Masafumi Kitakaze (National Cardiovascular Center, Suita, Osaka, Japan) and colleagues conducted two randomized trials to compare the effect of ANP or nicorandil with placebo in 1216 patients who had suffered acute MI and were undergoing reperfusion treatment.
In the ANP trial, 277 patients received intravenous ANP, at a dose of 0.025 µg/kg per min for 3 days, and 292 received the same dose of placebo. In the nicorandil trial, 276 patients were treated with 0.067 mg/kg as a bolus, followed by 1.67 µg/kg per min as a 24-hour continuous infusion, and 269 received the same dose of placebo.
Primary endpoints were infarct size, as estimated from creatine kinase levels, and LVEF, determined by angiography of the left ventricle.
The median follow-up was 2.7 and 2.5 years in the ANP and nicorandil trials, respectively,
Patients given ANP had significantly lower levels of creatine kinase than those in the placebo group (66,459.9 vs 77,878.9 IU/ml per hour), which indicated a 14.7% reduction in infarct size.
Patients in the ANP group had fewer reperfusion injuries than those in the placebo group (hazard ratio[HR]=0.74, p=0.01).

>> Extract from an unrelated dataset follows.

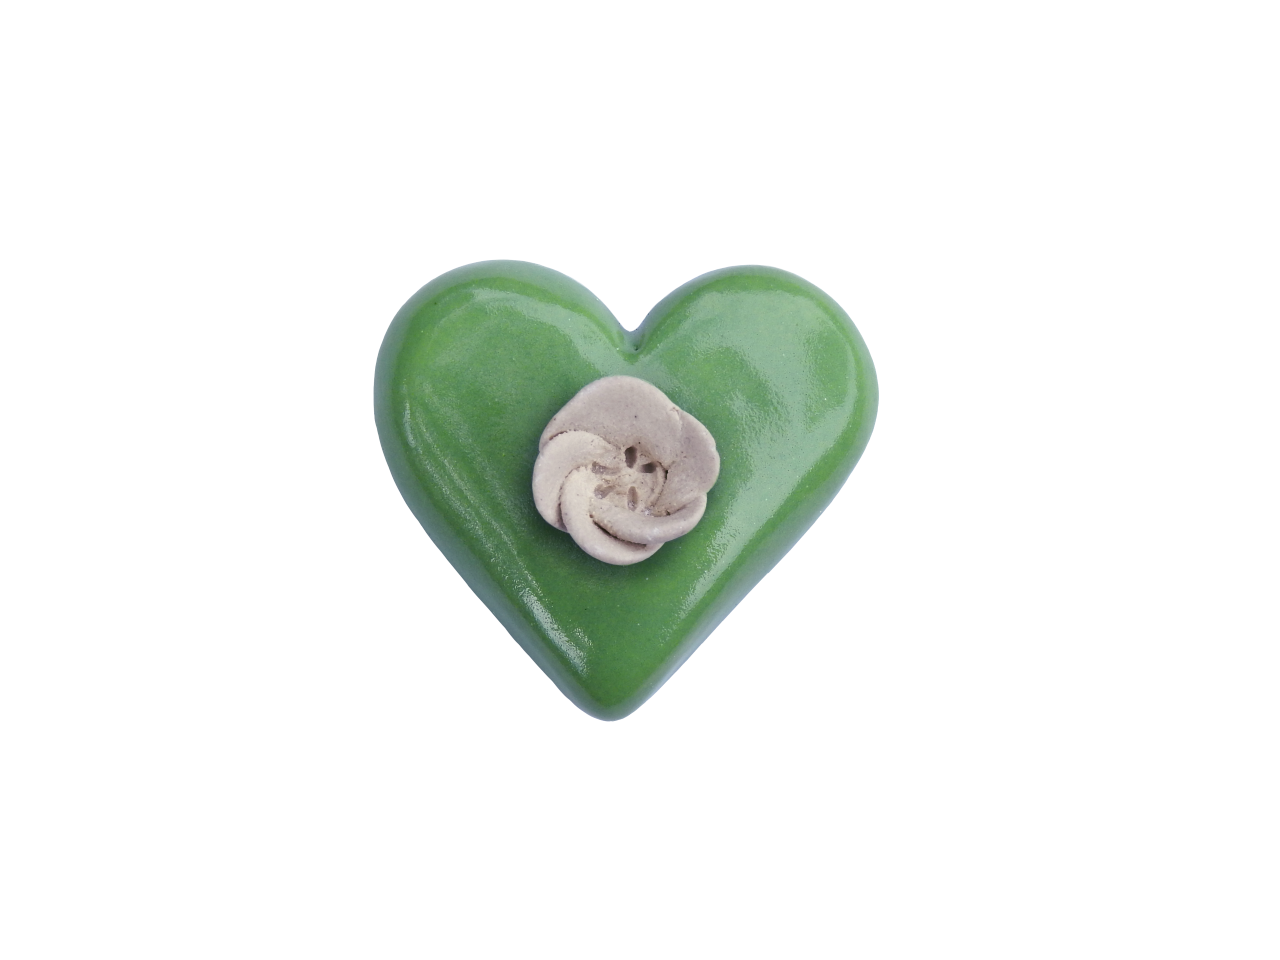 Flowering Heart Project

Cardiac death and readmission to hospital for heart failure were also less likely in patients given ANP than in controls (HR=0.26, p=0.01).

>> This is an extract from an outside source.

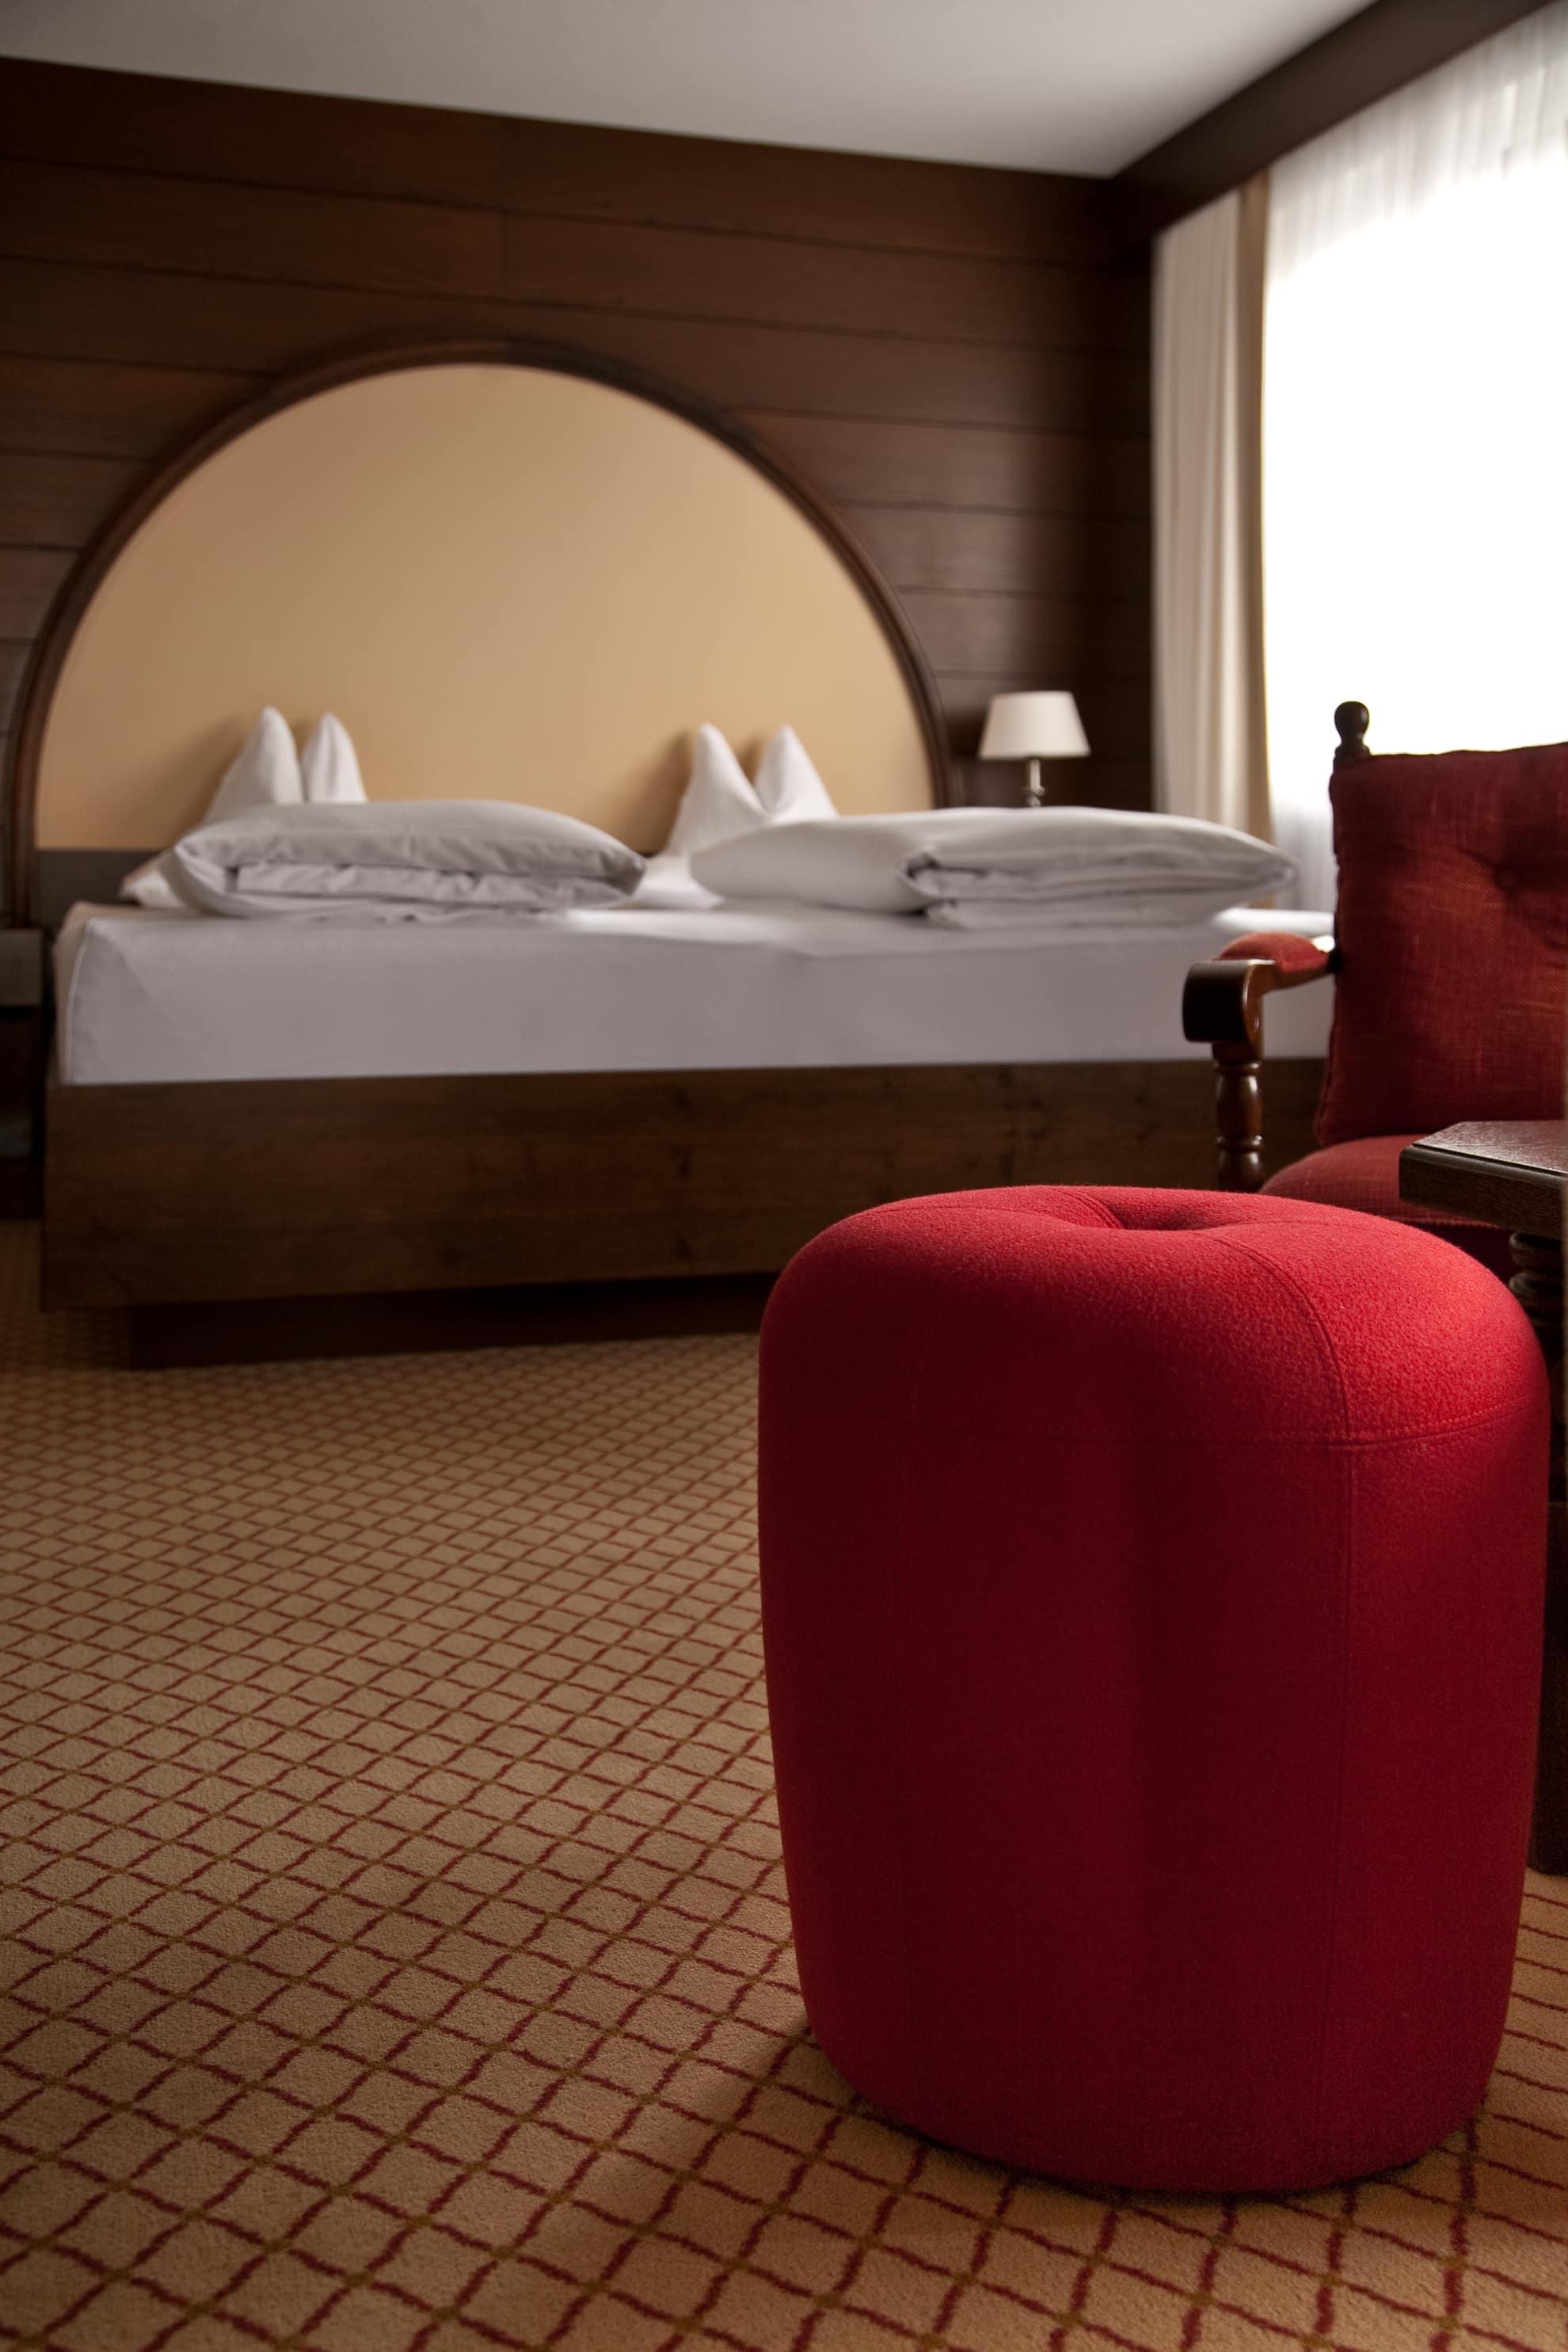 zimmer-kategorien-1-old-style-chick-hotel-flexen-zuers-am-arlberg

Intravenous nicorandil did not significantly affect creatine kinase levels, LVEF, reperfusion injuries, cardiac death, or readmission to hospital for heart failure, compared with placebo.
However, oral administration of nicorandil during follow-up increased the LVEF between the chronic phase, at 2-8 weeks, and acute phase, at 6-12 months.
Kitakaze et al conclude: "Our finding that treatment with ANP in the acute phase reduced the incidence of readmission to hospital for chronic heart failure could help to reduce the physical, medical, and economic burdens on people around the world."
Richard Bogle and Martin Wilkins, from Imperial College London in the UK, write in an accompanying comment that as the studies were single-blind, "use of ANP as a treatment for acute MI needs further investigation in a double-blind study."
Lancet 2007; 370: 1483-1493 本人已认领该文编译,48小时后若未提交译文,请其他战友自由认领 Better outcomes for patients treated with ANP after MI
心肌梗死急性期使用心房利钠肽的患者预后更好
26October2007
2007,10,26
MedWire News: Patients given atrial natriuretic peptide (ANP) after myocardial infarction (MI) have a smaller infarct size, fewer reperfusion injuries, and improved left ventricular ejection fraction (LVEF) than MI patients who do not receive this treatment, results from two trials indicate.
MedWire消息:两个试验显示,MI后接受心房利钠肽(ANP)治疗的患者与未接受ANP治疗的患者相比,梗死面积更小,再灌注损伤更少,LVEF有所改善。
"We believe that ANP could be a safe and effective adjunctive treatment in patients with acute MI who receive percutaneous coronary intervention," the authors write in The Lancet.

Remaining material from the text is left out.